The non-EFI boot path is now:

start
 \- __start
     \- multiboot2_proto
     |    jmp trampoline_bios_setup
     |
     \-and if not MB2: jmp trampoline_bios_setup.


In here you tweak the GDT and reload the %ds - but during
this call chain we do touch the %ds - via:

__start+27>:        testb  $0x1,(%rbx)
__start+30>:        cmovne 0x4(%rbx),%edx

which is OK (as MB1 says that the %ds has to cover up to 4GB).
But I wonder why the __start code had the segments reloaded so early?
Was the bootloader not setting the proper segments?
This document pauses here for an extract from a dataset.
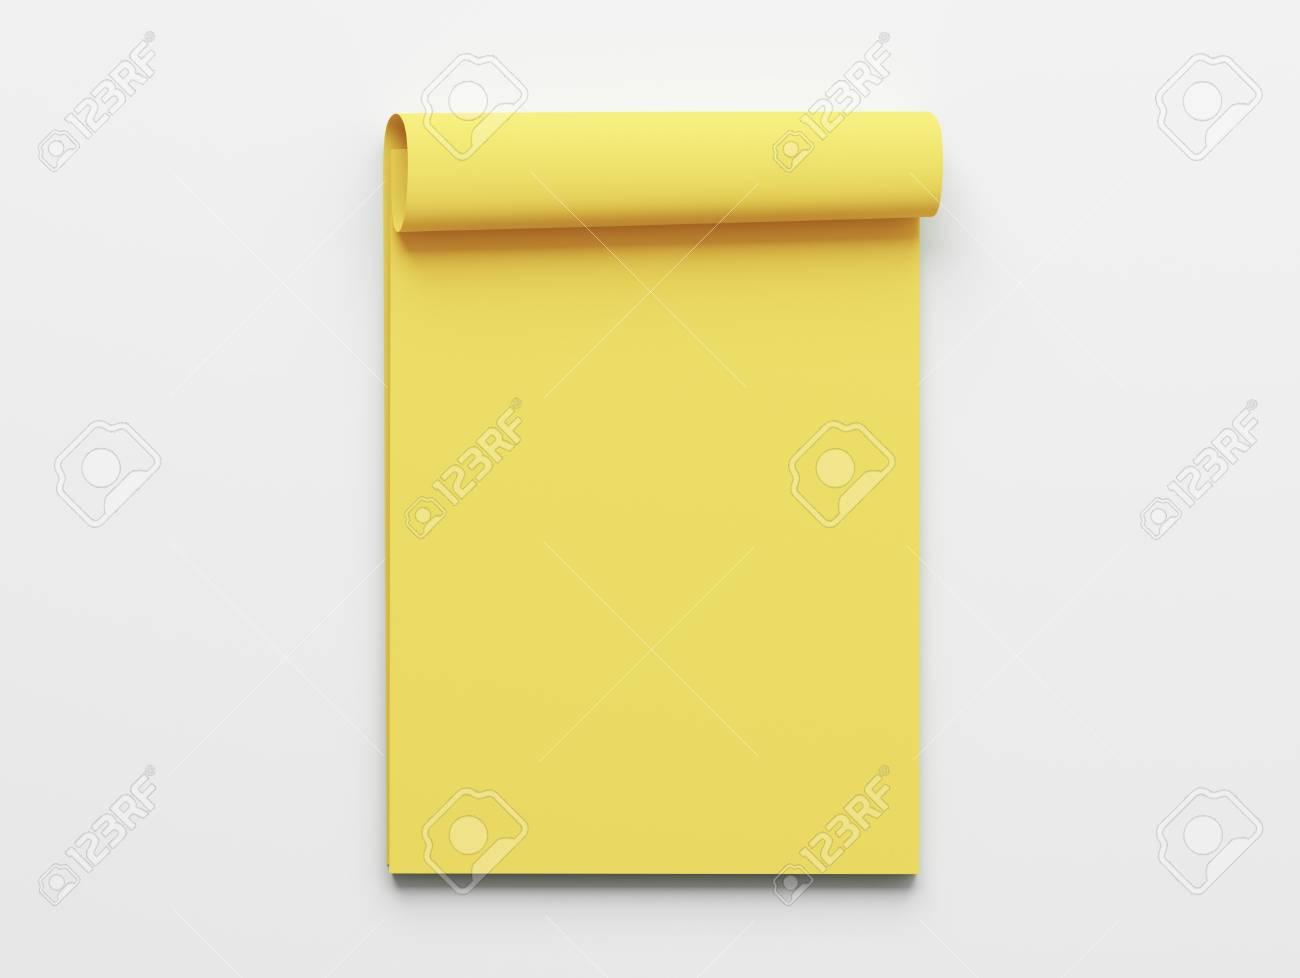 Livre Jaune Blanc Bloc Notes Isole Sur Fond Blanc

Let me double-check what SYSLINUX's mboot.c32 does. Perhaps
it had done something odd in the past.

>          /* Set up trampoline segment 64k below EBDA */
>          movzwl  0x40e,%ecx          /* EBDA segment */
>          cmp     $0xa000,%ecx        /* sanity check (high) */
> @@ -340,33 +357,58 @@ trampoline_bios_setup:
>          cmovb   %edx,%ecx           /* and use the smaller */
>  
>  trampoline_setup:

Would it make sense to add:

/* Gets called from EFI (from x86_32_switch) and legacy (see above) boot 
loaders. */

> +        mov     %ebp,%esi
> +
> +        /* Initialize 0-15 bits of BOOT_FS segment descriptor base address. 
> */
> +        mov     %ebp,%edx
> +        shl     $16,%edx
> +        or      %edx,(sym_offset(trampoline_gdt)+BOOT_FS)(%esi)
> +
> +        /* Initialize 16-23 bits of BOOT_FS segment descriptor base address. 
> */
> +        mov     %ebp,%edx
> +        shr     $16,%edx
> +        and     $0x000000ff,%edx
> +        or      %edx,(sym_offset(trampoline_gdt)+BOOT_FS+4)(%esi)
> +
> +        /* Initialize 24-31 bits of BOOT_FS segment descriptor base address. 
> */
> +        mov     %ebp,%edx
> +        and     $0xff000000,%edx
> +        or      %edx,(sym_offset(trampoline_gdt)+BOOT_FS+4)(%esi)
> +
> +        /* Initialize %fs and later use it to access Xen data if possible. */
> +        mov     $BOOT_FS,%edx
> +        mov     %edx,%fs
> +

We just modified the GDT. Should we reload it (lgdt?)?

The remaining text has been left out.